Simi Valley Town Center
- Location: Simi Valley, California, U.S.
- Coordinates: 34°17′05″N 118°46′12″W﻿ / ﻿34.284795°N 118.770070°W
- Address: 1555 Simi Town Center Way
- Opened: 2005
- Management: Spinoso Real Estate Group
- Owner: Steerpoint Capital and SteelWave
- Stores: 67 (as of 2025)
- Anchor tenants: 0
- Floor area: 627,772 sq ft (58,321.9 m^{2})
- Floors: 1 (2 in both former Macy's stores)
- Website: Official Website

= Simi Valley Town Center =

Shopping center in Simi Valley, California, United States

Simi Valley Town Center is an outdoor shopping mall in Simi Valley, California, United States, located off California State Route 118 between First Street and Erringer Road. It is owned by San Mateo, California-based commercial real estate developer SteelWave and Los Angeles-based Steerpoint Capital. The center is managed by Spinoso Real Estate Group.

The center features California Pizza Kitchen, Five Below, Marshalls, Studio Movie Grill, and Ulta Beauty as major tenants. It was last anchored by Macy's, which shuttered its Men's and Home store in 2017 and its main store in 2024.

==History==
Simi Valley Town Center opened in 2005 with 120 tenants, anchored by Macy's and Robinsons-May. The latter was short-lived as it was converted into a Macy's Men's and Home store on September 9, 2006, as part of the acquisition of Robinsons-May's parent company, The May Department Stores Company, by Federated Department Stores, Inc. (Macy's parent company, which is now Macy's, Inc.) in 2005. The complex was designed by the architectural firm F+A Architects to resemble a hillside Italian village. It was originally owned and operated by Forest City Enterprises.

In 2010, the center was sold to Alberta Development Partners and Walton Street Capital.

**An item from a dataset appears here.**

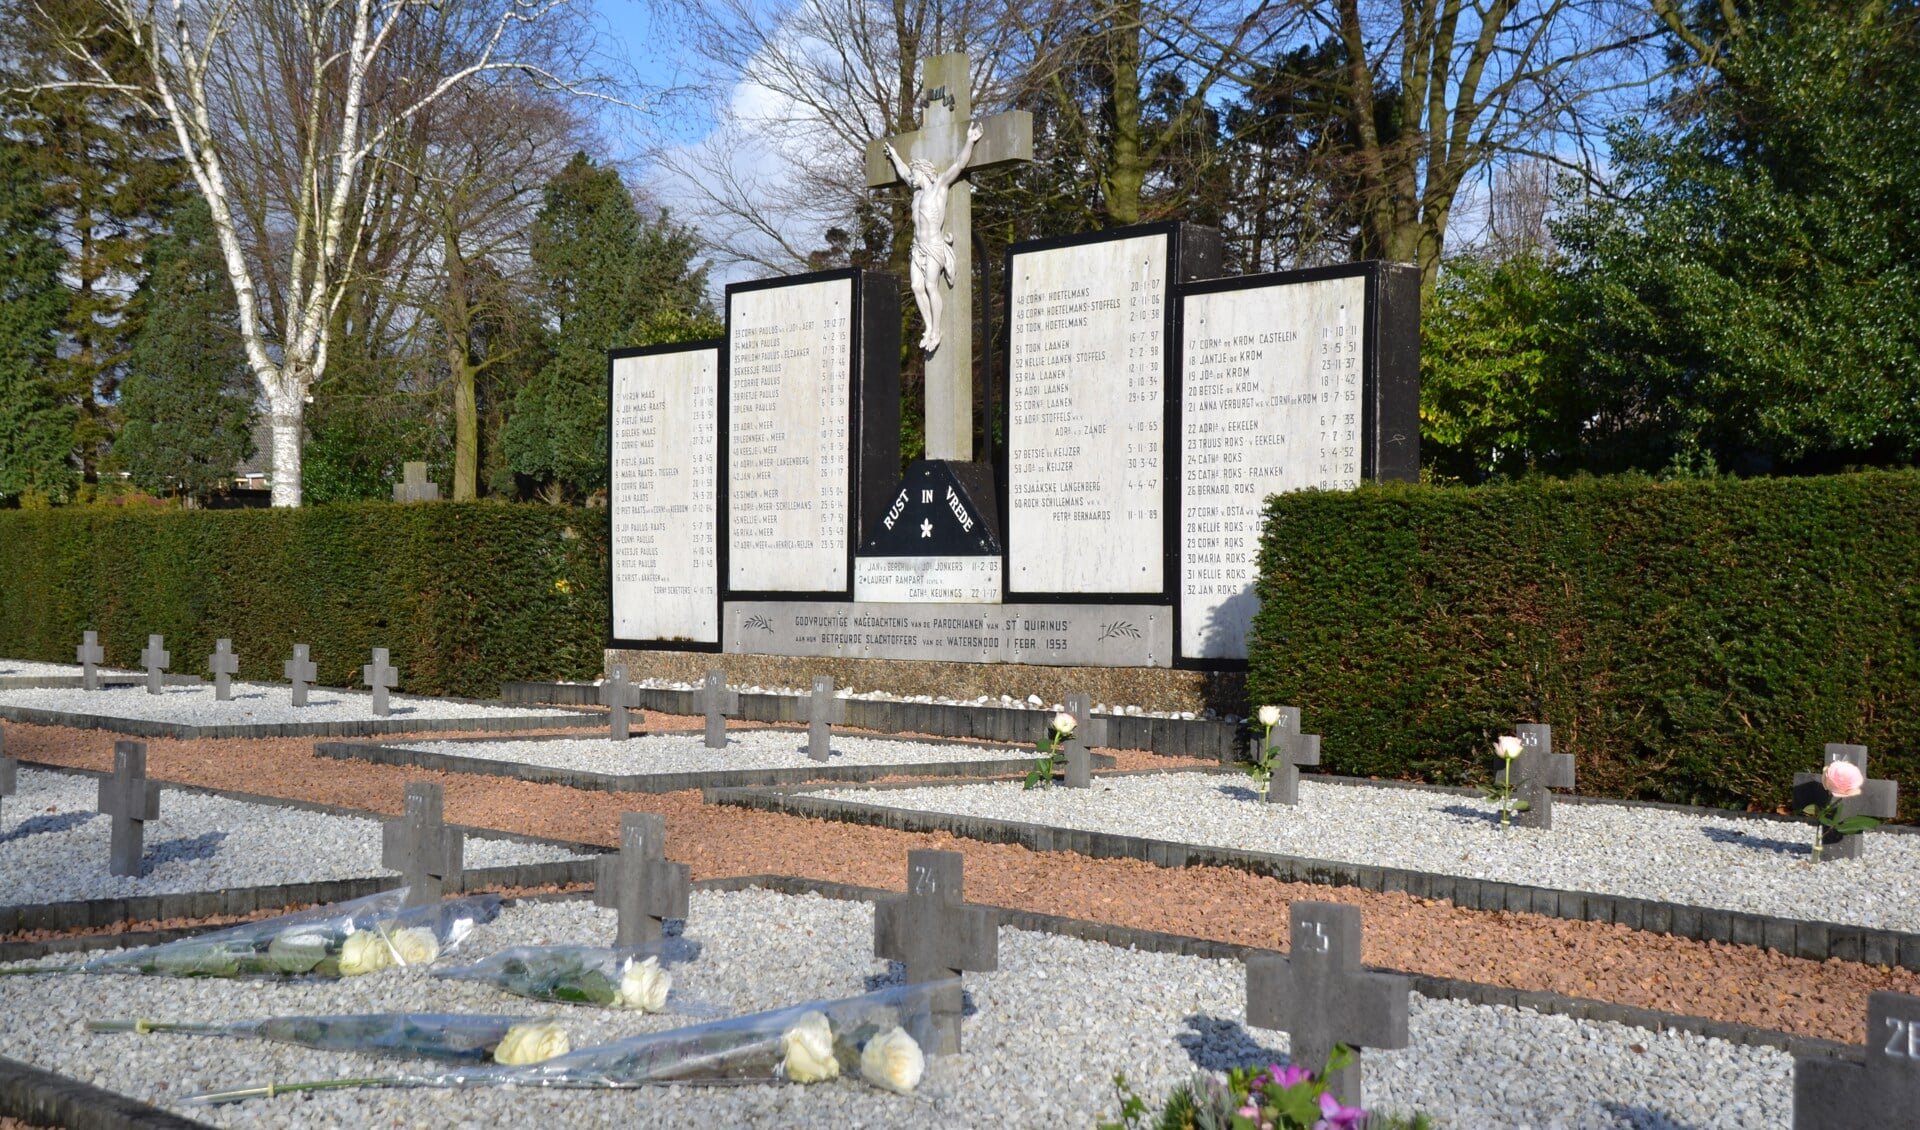 RK begraafplaats in Halsteren met graven van slachtoffers van de watersnoodramp in 1953.

The center is home to KWSV-LP, a non-commercial low-power FM radio station known as "99.1 The Ranch" that launched in 2015 with a country music format.

The center is also home of the Skateboarding Hall of Fame Museum.

===Decline and possible revitalization===
On January 4, 2017, Macy's announced that it would be closing the Men's and Home store, consolidating those departments with the existing women's store at a later date. The closure is part of a restructuring effort that involves closing 68 stores and eliminating more than 10,000 jobs nationwide.

On September 15, 2017, Apple closed their doors permanently, as it was one of the company's first stores to shutter completely.

On January 18, 2024, it was announced that Macy's would be closing as part of a plan to close 5 stores nationwide, which will leave the mall with no anchors.

In October 2024, the center was purchased by SteelWave and Steerpoint Capital, in hopes in revitalizing the beleaguered shopping center into a mixed-use of residential, dining, entertainment, and retail uses.